Точно она вобрала столько холода в тело свое, что, в теплице оттаивая, излучало годами лишь холод ее миниатюрное тельце; сидела укутою, в бархатной тальмочке, с соболем, перебирая ониксовые финтифлюшки; глазами, большими, далекими – нет, не мигала: с открывшимся ротиком; точно тонула в глазах, – своих собственных: омут в глазах открывался, в котором тонула, еще не родившись.
Русалочка!
Эти русальные игры с собой и с другими ее довели до врача: доктор Дасс, даровитейший невропатолог, к ней ездил и всем говорил:
– Не дивитесь – расстройство чувствительных нервов у барышни: псевдогаллюцинации – да-с!

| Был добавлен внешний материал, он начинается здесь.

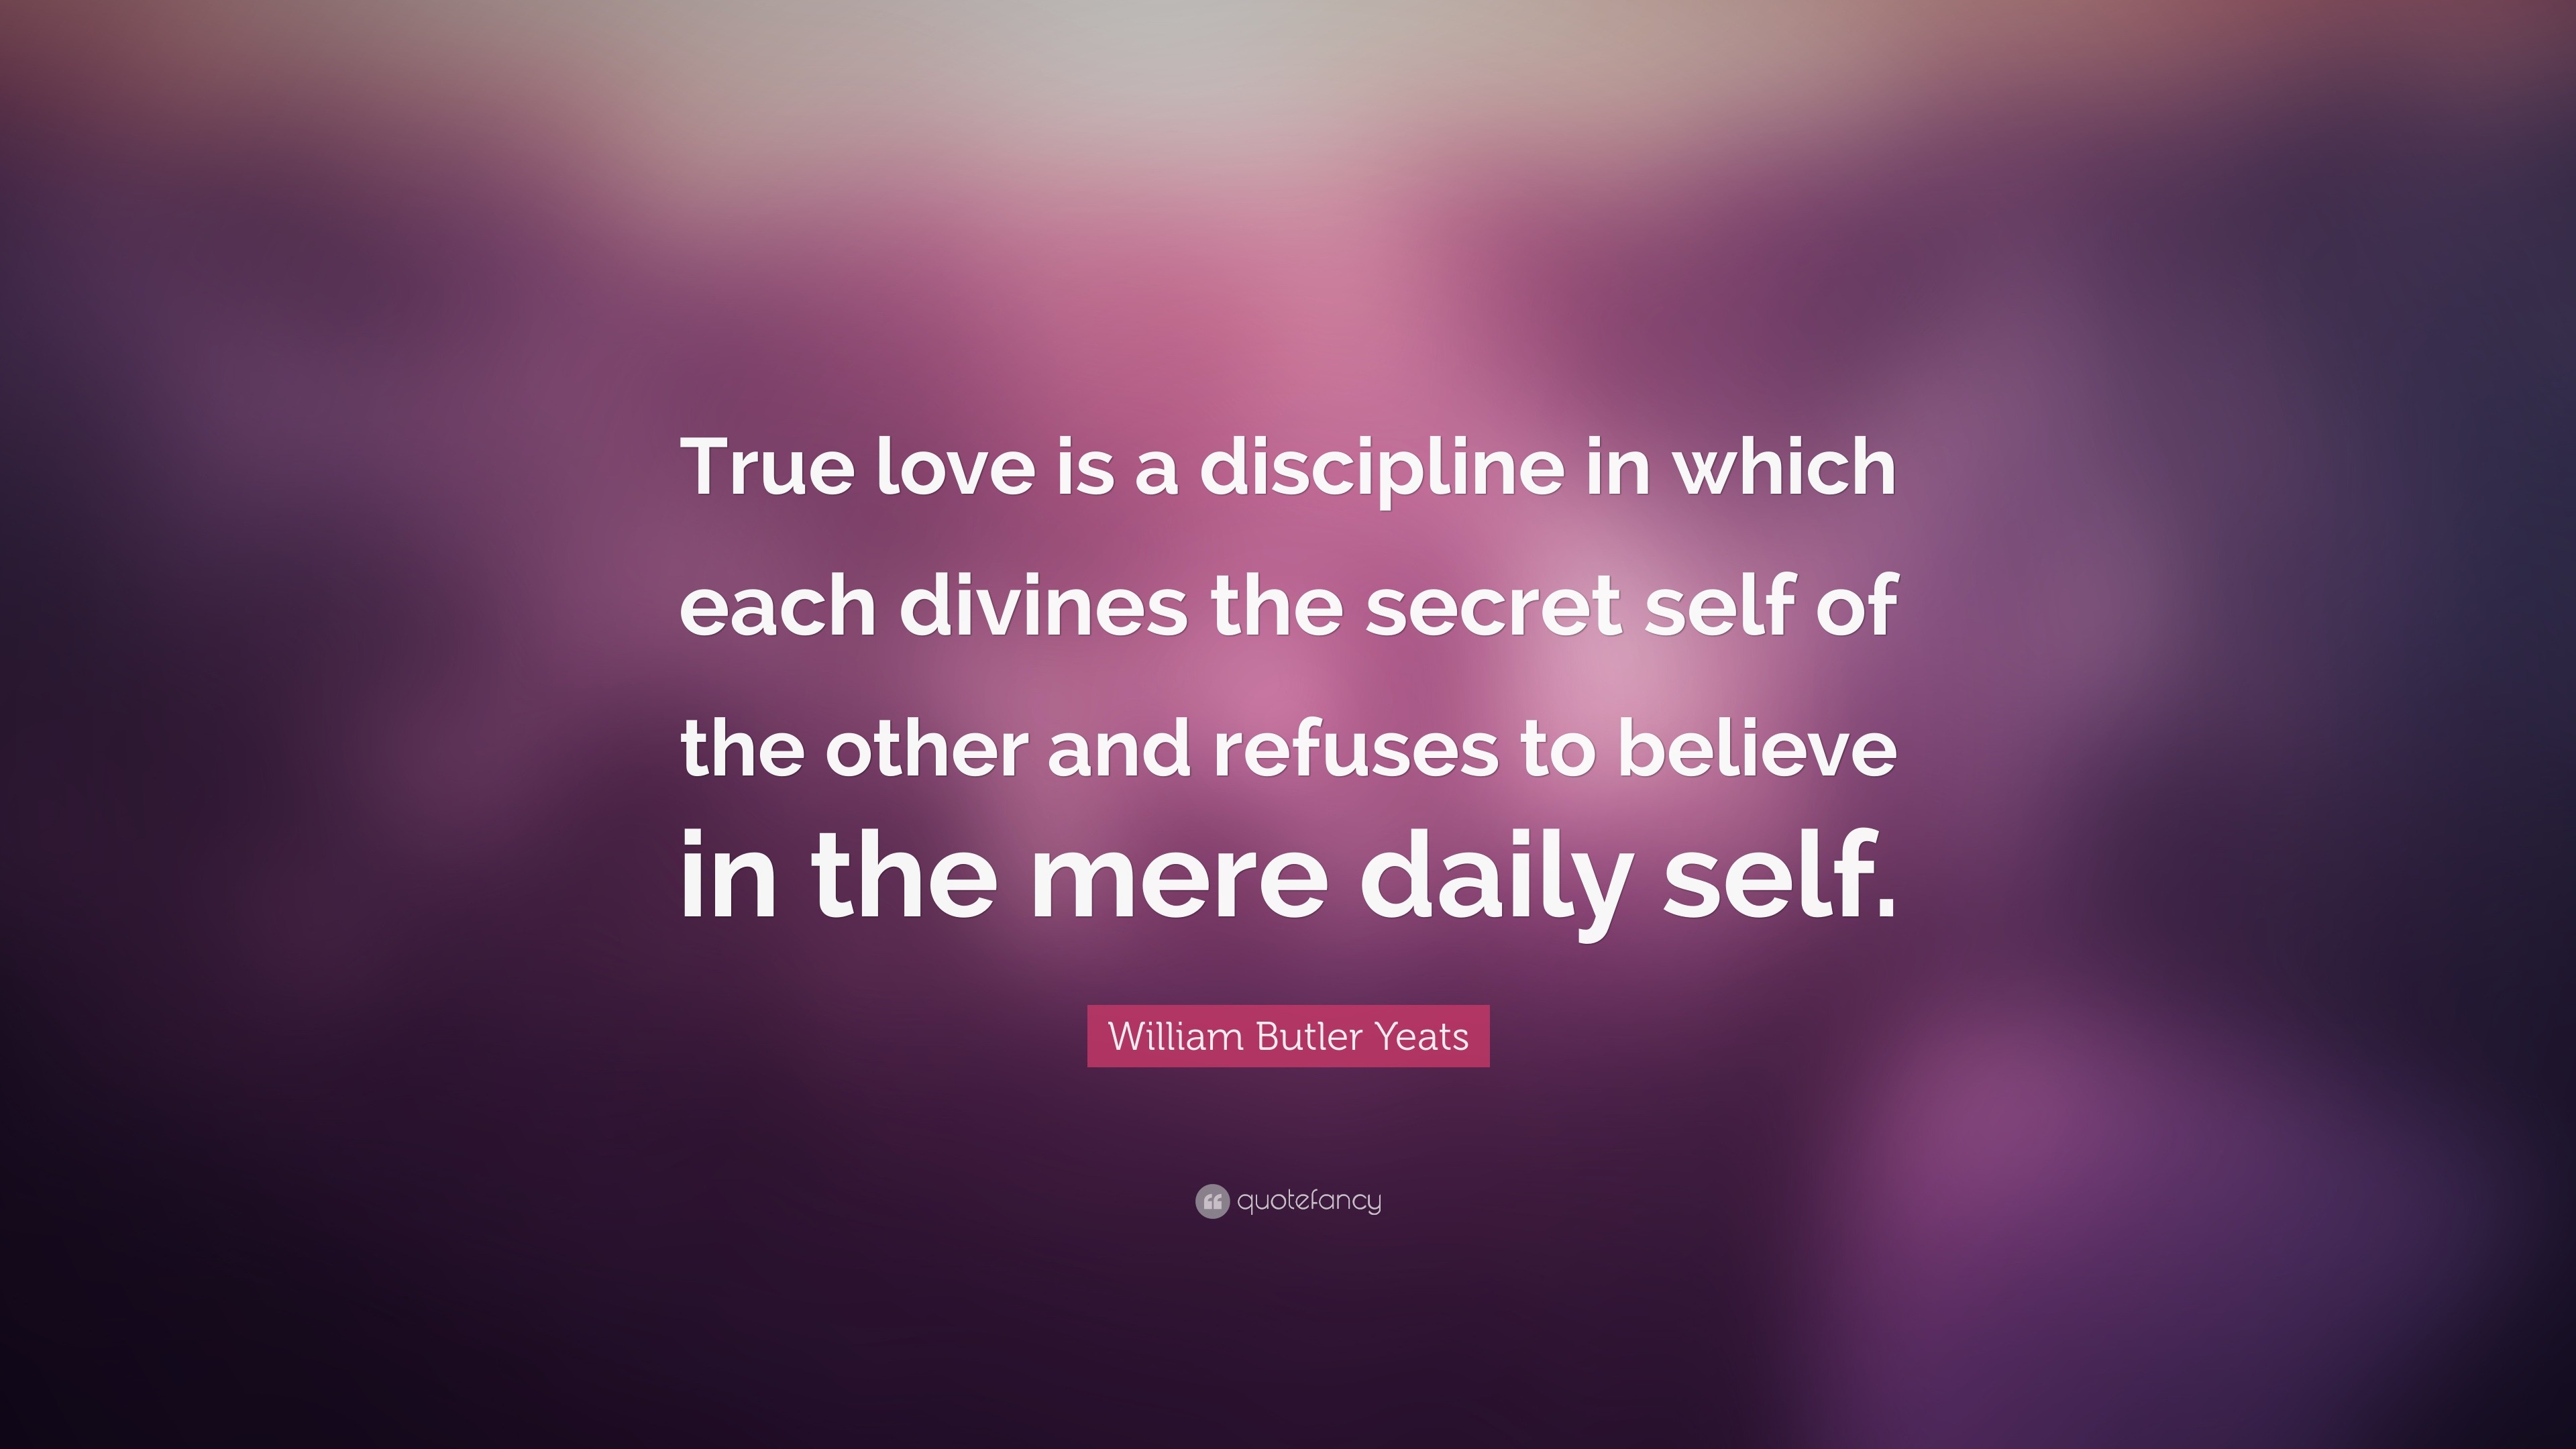 William Butler Yeats Quote “True love is a discipline in which each divines the

На него покосилась русалочным взглядом.
На все отзывалась она как-то издали; и проходила по жизни, – как издали; точно она проходила на очень далеком лугу, собирая лазурные цветики, перед собою в Москву протянув свои тени; из этих теней лишь одна называлась Лизашей Мандро.
– Я пойду покормить свои тени собой, – говорила не раз она Мите Коробкину.
Странная девушка!
…………………..
Странными были ее отношенья с отцом.
Все сказали бы: бешеное поклоненье; звала его «богушкой»; и – добивалась взаимности: он же ее называл тоже странно: сестрицей Аленушкой; был с ней порой исключительно нежен, – совсем неожиданно нежен; казался хорошим и ласковым другом; порой даже спрашивал, как поступать ему в том или в другом; и – выслушивал критику:
– Вы – необузданны.
– Вы обусловлены вашей коммерцией.
– Вы обезумели, – только и слышалось.
Вдруг, – без всякого повода, делался он – ее лютым мучителем; и по неделям совсем не глядел на нее, покрывая ее точно льдом; и Лизаша бродила в паническом страхе, стараясь ему попадаться – нарочно: глядела умильно; а он становился – жесточе, капризнее: брови съезжались – углами не вниз, а наверх, содвигаясь над носом в мимическом жесте, напоминающем руки, соединенные ладонями вверх; точно пением «Miserere» звучал этот лоб.
Точно чем-то содеянным мучился; но и в мучении этом изыскивал он наслажденье: себе и Лизаше; Лизаше – особенно.